Content starts

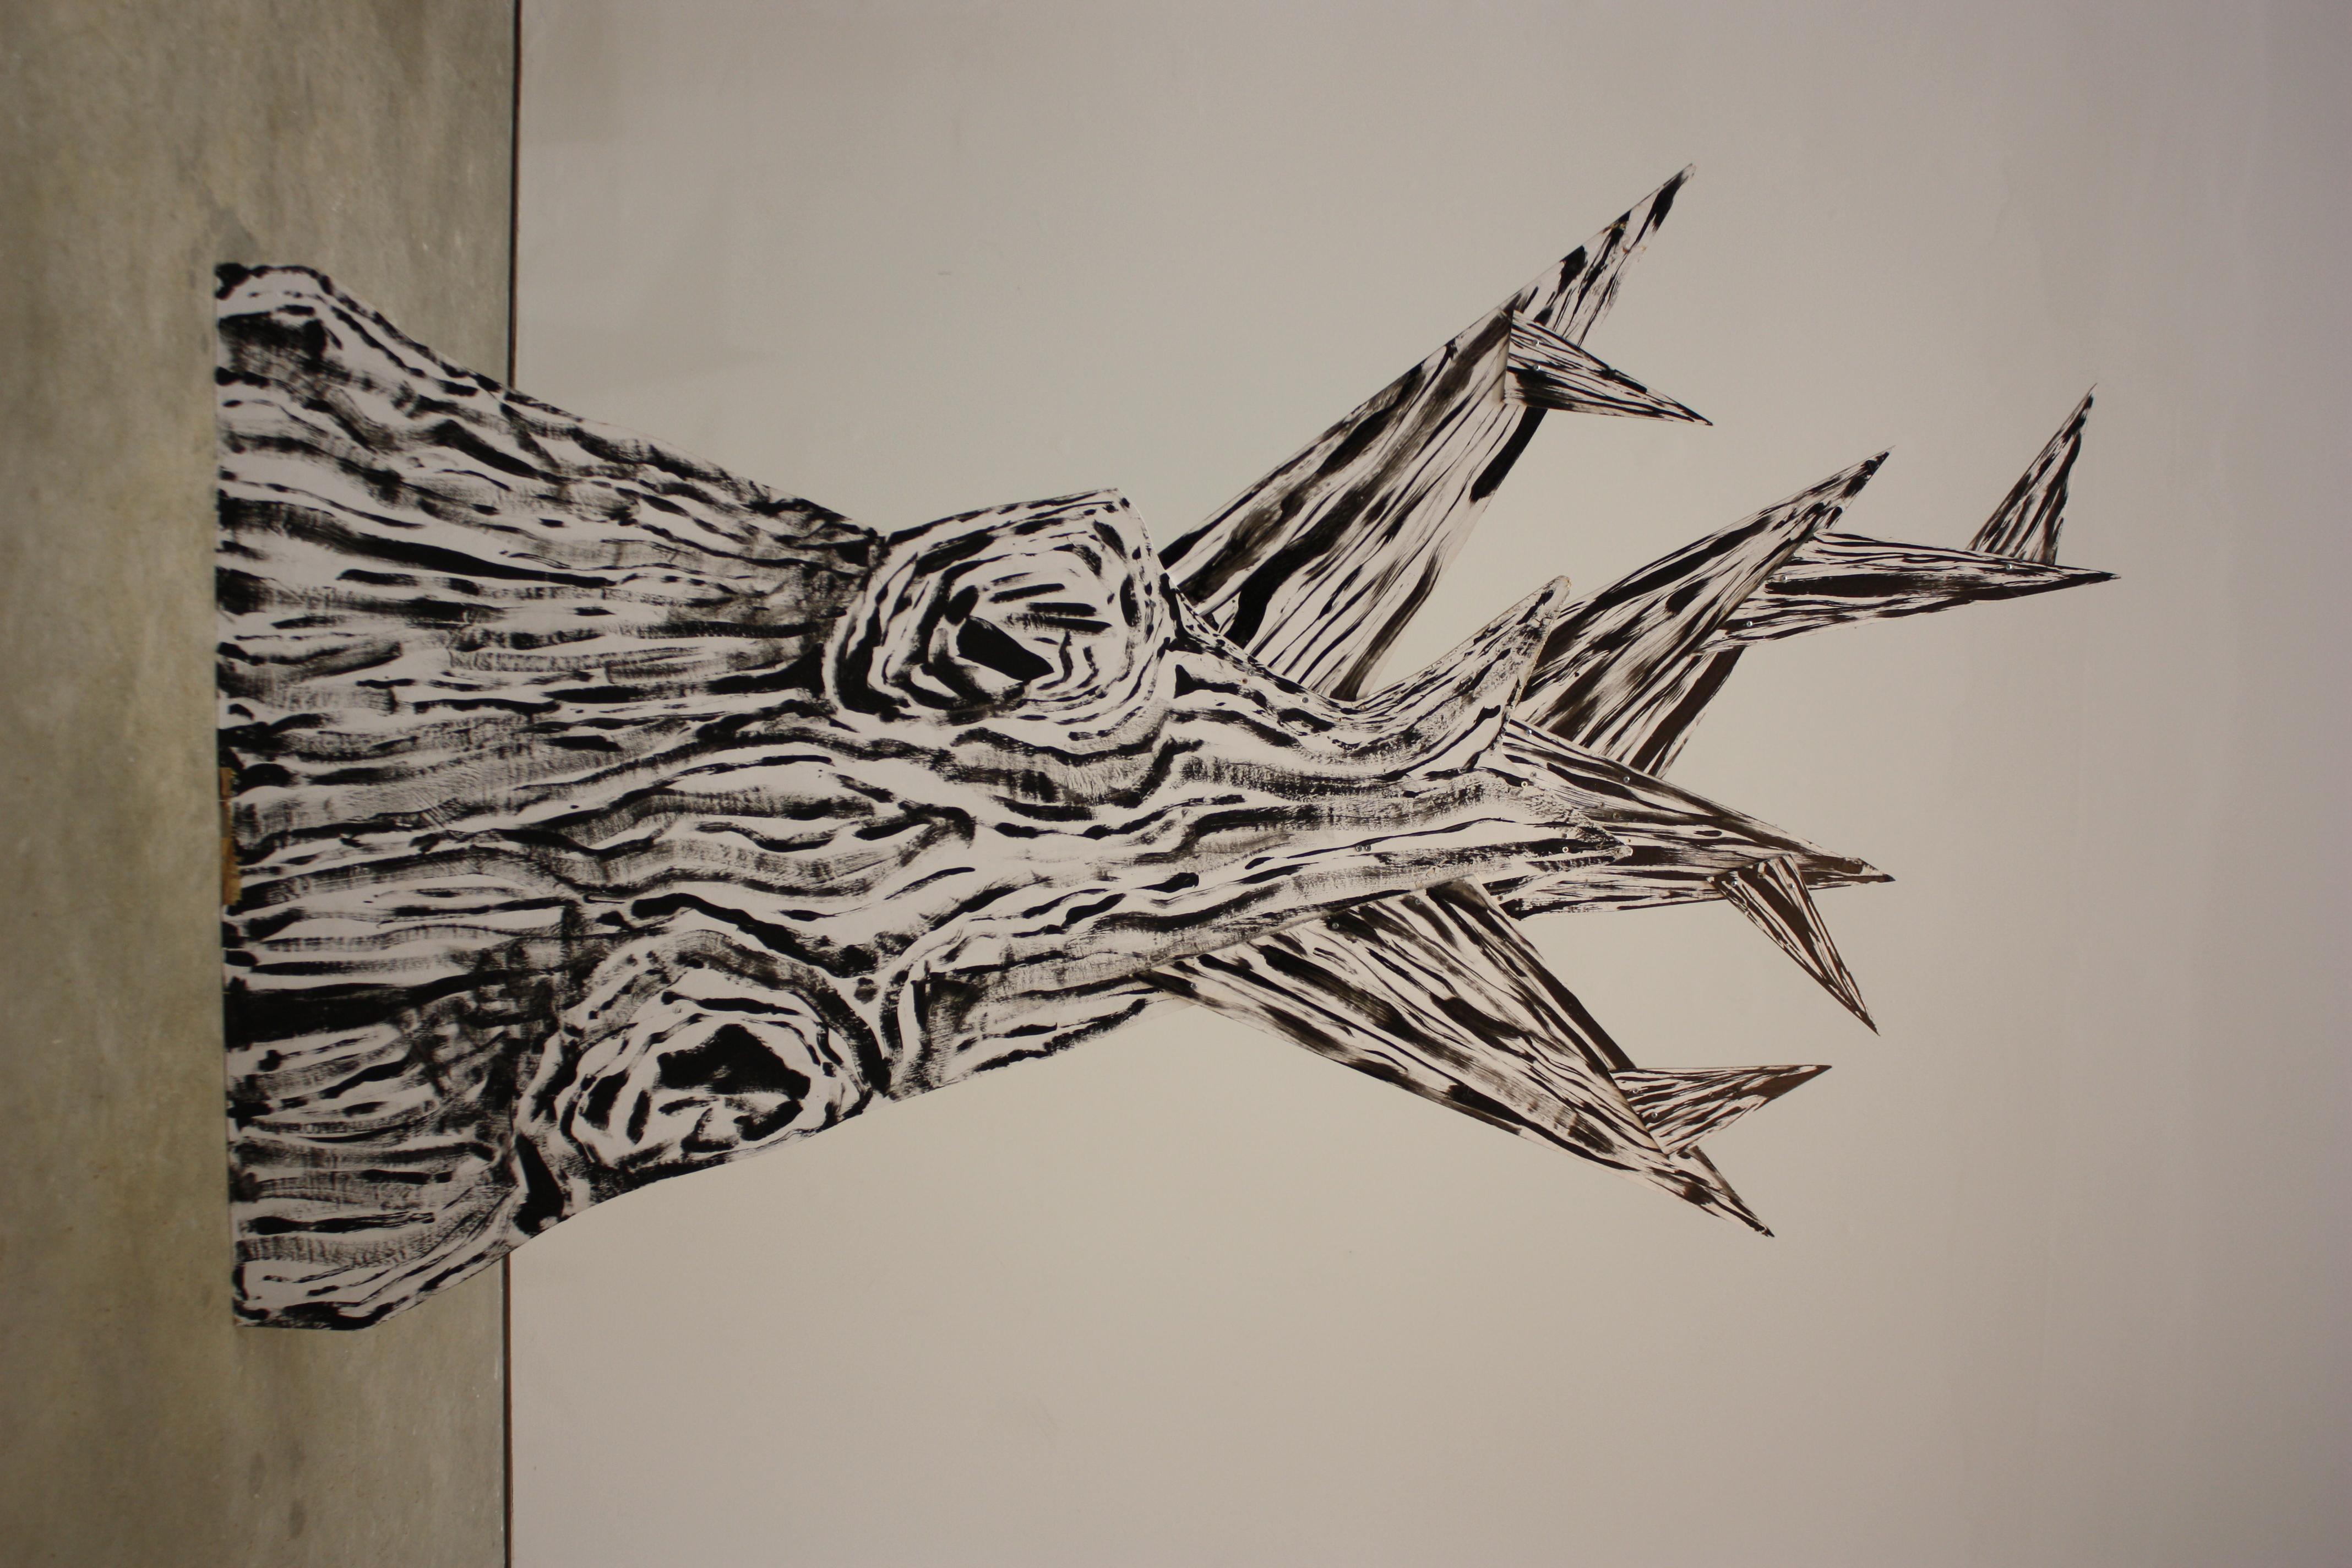 Tree (full view)
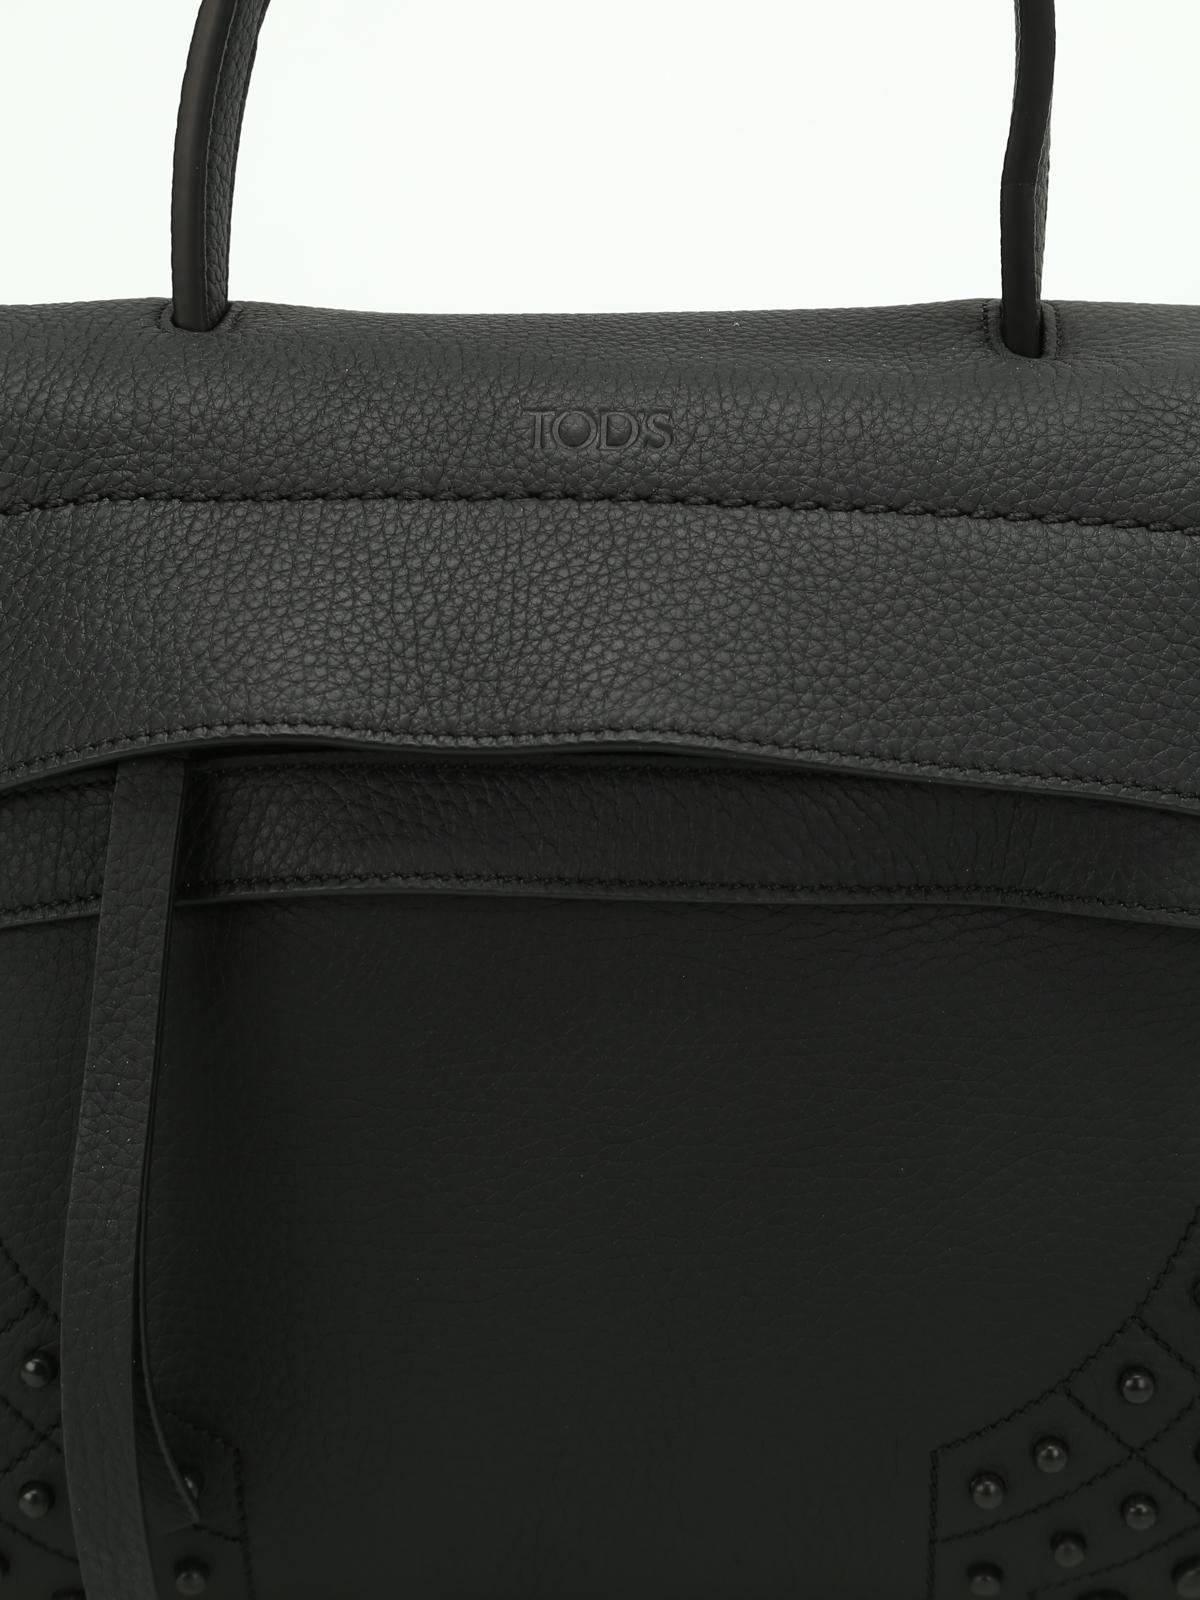 83377c71b97c Tod S - Wave leather mini shoulder bag - shoulder bags ...
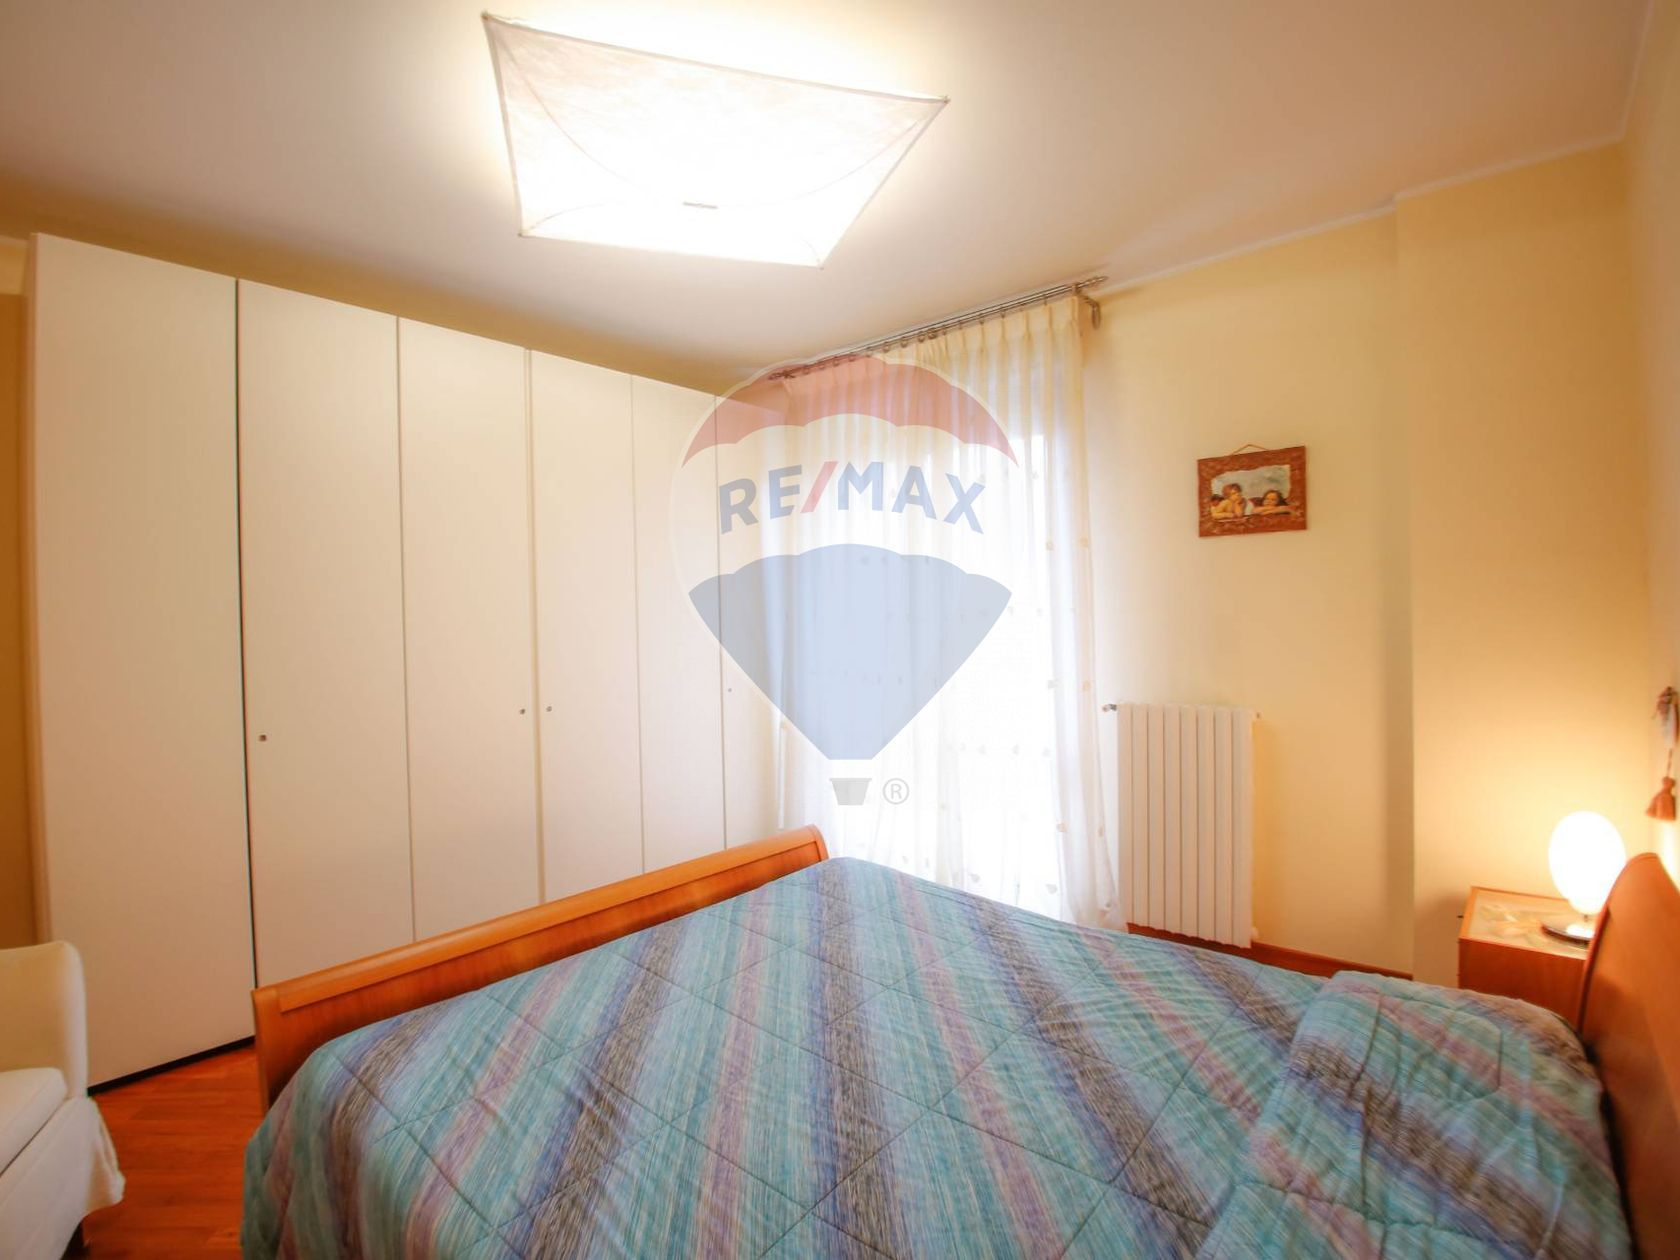 Appartamento Filippone, Chieti, CH Vendita - Foto 13

Content ends

## What you have to do
Only the lines from the one that holds "83377c71b97c Tod S" through the final line of the material should be reproduced, word for word, with the pictures omitted.

## Result of the exercise
 83377c71b97c Tod S - Wave leather mini shoulder bag - shoulder bags ...
 Appartamento Filippone, Chieti, CH Vendita - Foto 13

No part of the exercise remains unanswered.